Data Analyst (Masked View)
Give them BigQuery Data Viewer on the dataset plus Masked Reader on the data policies:
resource "google_bigquery_dataset_iam_member" "analyst_viewer" {
dataset_id = google_bigquery_dataset.raw_tf.dataset_id
role = "roles/bigquery.dataViewer"
member = "user:analyst@company.com"
}What they see:
user_id | full_name | email | salary
--------|--------------|------------------------------------------------------------------|-------
1 | Alice Bob | 3a7bd3e2360a3d29eea436fcfb7e44c735d117c42d1c1835420b6b9942dd4f1b | 0
2 | Charlie Dave | fc5e038d38a57032085441e7fe7010b0f6f5b84e3c0e74e1e7e1e4e7e2e5f3e5 | 0
3 | Eve Foster | 7e8d9f0a1b2c3d4e5f6a7b8c9d0e1f2a3b4c5d6e7f8a9b0c1d2e3f4a5b6c7d8 | 0
They can still query, aggregate, and JOIN, they just can’t read the raw values.
HR Admin (Clear View)
Grant Fine-Grained Reader on both policy tags:
resource "google_data_catalog_policy_tag_iam_member" "hr_email_reader" {
policy_tag = google_data_catalog_policy_tag.pii_email.id
role = "roles/datacatalog.categoryFineGrainedReader"
member = "user:hr-admin@company.com"
}
resource "google_data_catalog_policy_tag_iam_member" "hr_salary_reader" {
policy_tag = google_data_catalog_policy_tag.confidential_salary.id
role = "roles/datacatalog.categoryFineGrainedReader"

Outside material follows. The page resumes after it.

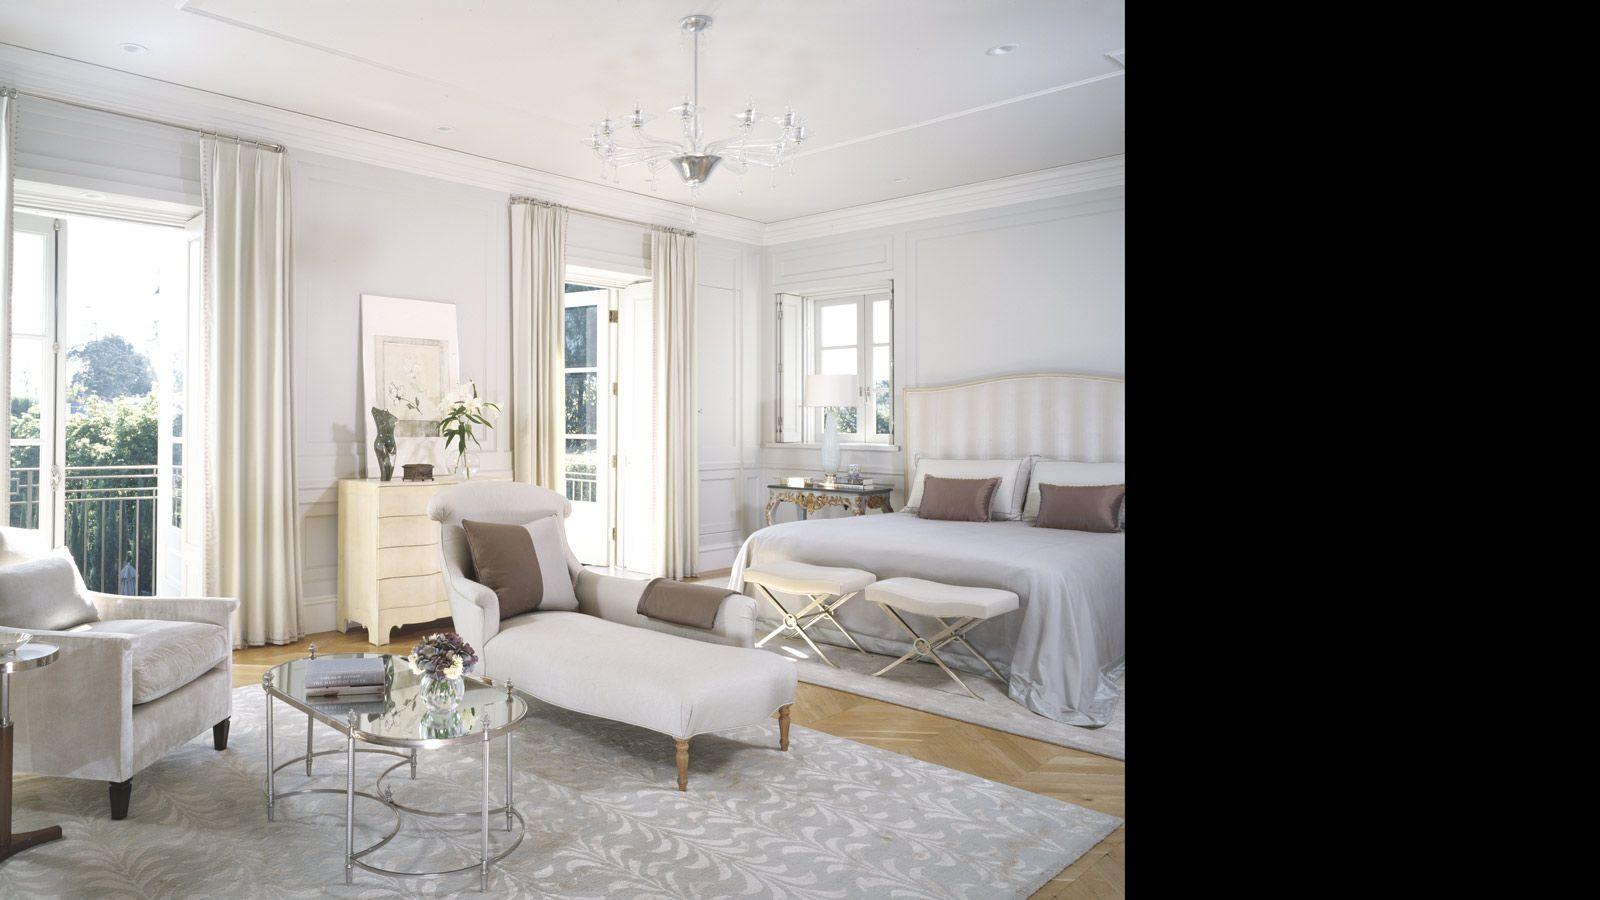 dream master bedroom%0A William Hefner Architecture Interiors  u     Landscape  traditional  bedroom   los angeles  by Studio William Hefner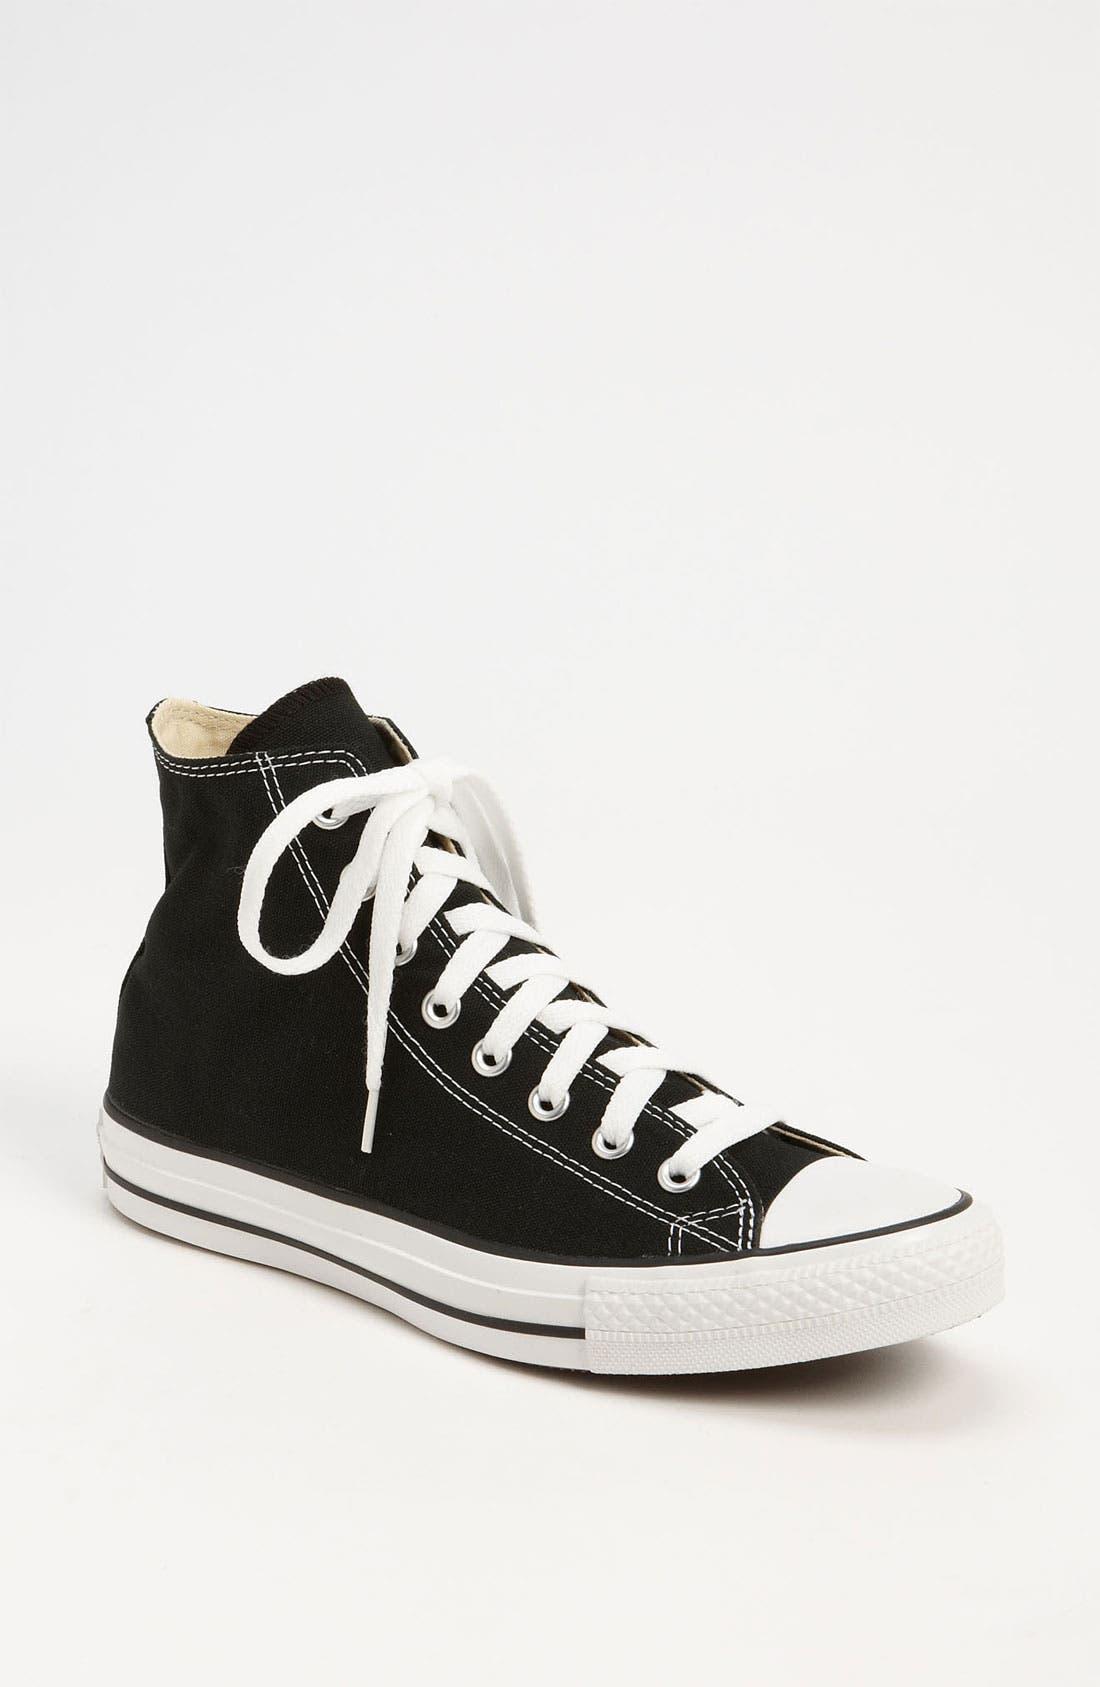 Alternate Image 1 Selected - Converse Chuck Taylor® High Top Sneaker (Women)

member = "user:hr-admin@company.com"
}What they see:
user_id | full_name | email | salary
--------|--------------|---------------------|--------
1 | Alice Bob | alice@example.com | 120000
2 | Charlie Dave | charlie@example.com | 95000
3 | Eve Foster | eve@example.com | 150000
Part 4: Common Gotchas and Edge Cases
1. JOINs on Masked Columns
SHA256 masking is deterministic, the same email always produces the same hash. This means JOINs still work:
-- As analyst@company.com (email is masked with SHA256)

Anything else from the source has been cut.